7/12/2010

Reading "Economics for beginners




7月7日の七夕から、ビジョンセンター教授の坂田一郎先生の連載が日経新聞「やさしい経済学」でスタートしました。連載名は、「ネットワーク理論でみた技術革新」です。ぜひご一読下さい。

第2回目の連載では、知識の爆発と知識の細分化について説明されています。知識の爆発は科学論文等による知識の発信の急増を、知識の細分化は研究テーマが細かくなって、研究者が周囲を見渡す余裕を失っていることをいうようです。要するに、社会に知識が溢れ、それが細かい問題点にまで及んでいるものの、現在それらの大量かつ細分化された知識は構造化されていません。
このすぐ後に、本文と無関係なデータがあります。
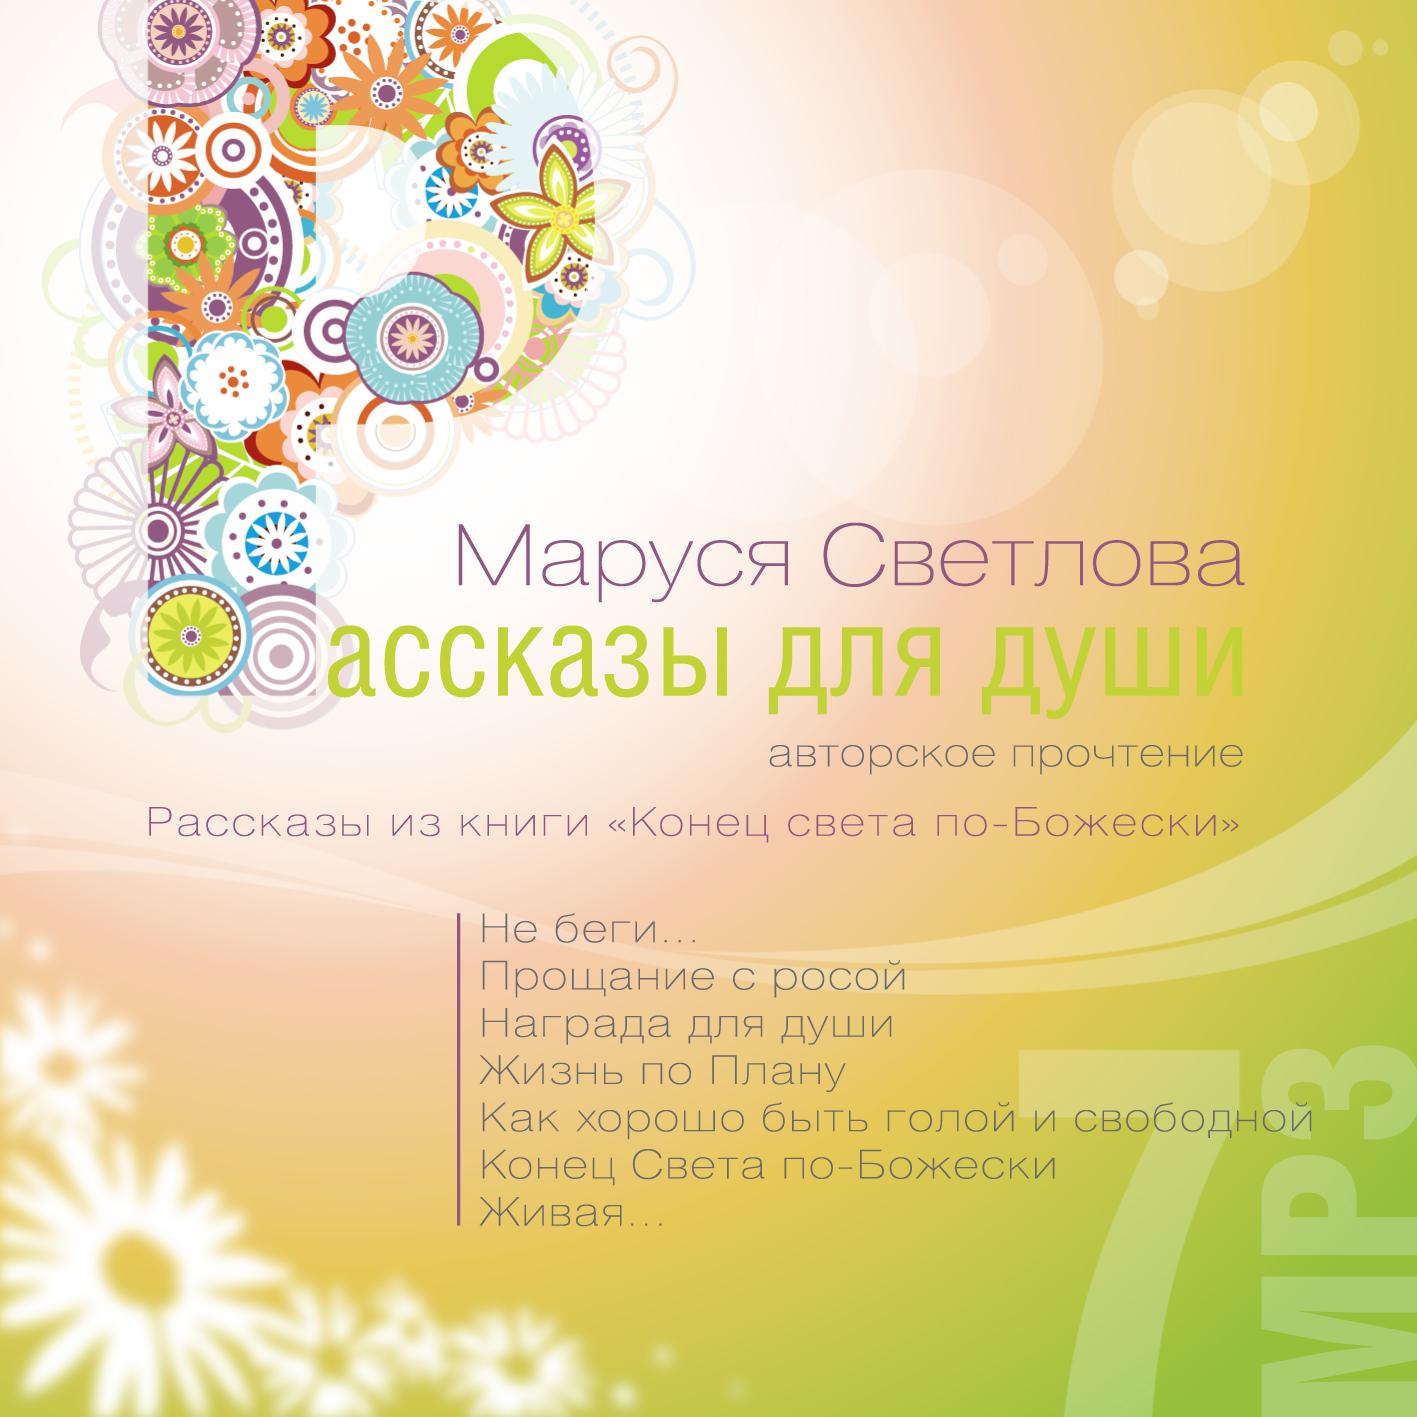 Маруся Светлова Награда для души маруся светлова как хорошо быть голой и свободной

そのせいで、わらわれはそれぞれの知識間の関係を十分に把握することができず、知識を有効に活用することができない状況にあります。それが、問題というわけです。どうして問題なのでしょうか。

例えば、せっかくの知識を有効に活用できないと、将来有望な技術を見誤る可能性が高まるかもしれません。また、組合わなどによって、何らかのシナジーを生み出すような素晴らしい技術を見出せなくなるかもしれません。これは大きな国家的損失ですし、科学界全体にとっても重大な事態といえるでしょう。

このような問題を解決する重要な鍵が、ネットワーク理論であり俯瞰工学、ということが今後の連載で明らかにされるものと思われます。詳しくはぜひ坂田先生の連載をご覧下さい!

ちなみに僕は、中学生のときにワトソン教授とクリック教授の「二重らせん」という本を読んで研究に関心を持ちましたが、1953年当時には年間100本程度の論文しかなかったそうです。それに対して、今では少なくとも年間10万本の科学論文が発表されているとのこと。研究者の方々にとっては、先行研究や関連論文を見落とさないようにするだけでも一苦労ですね。。。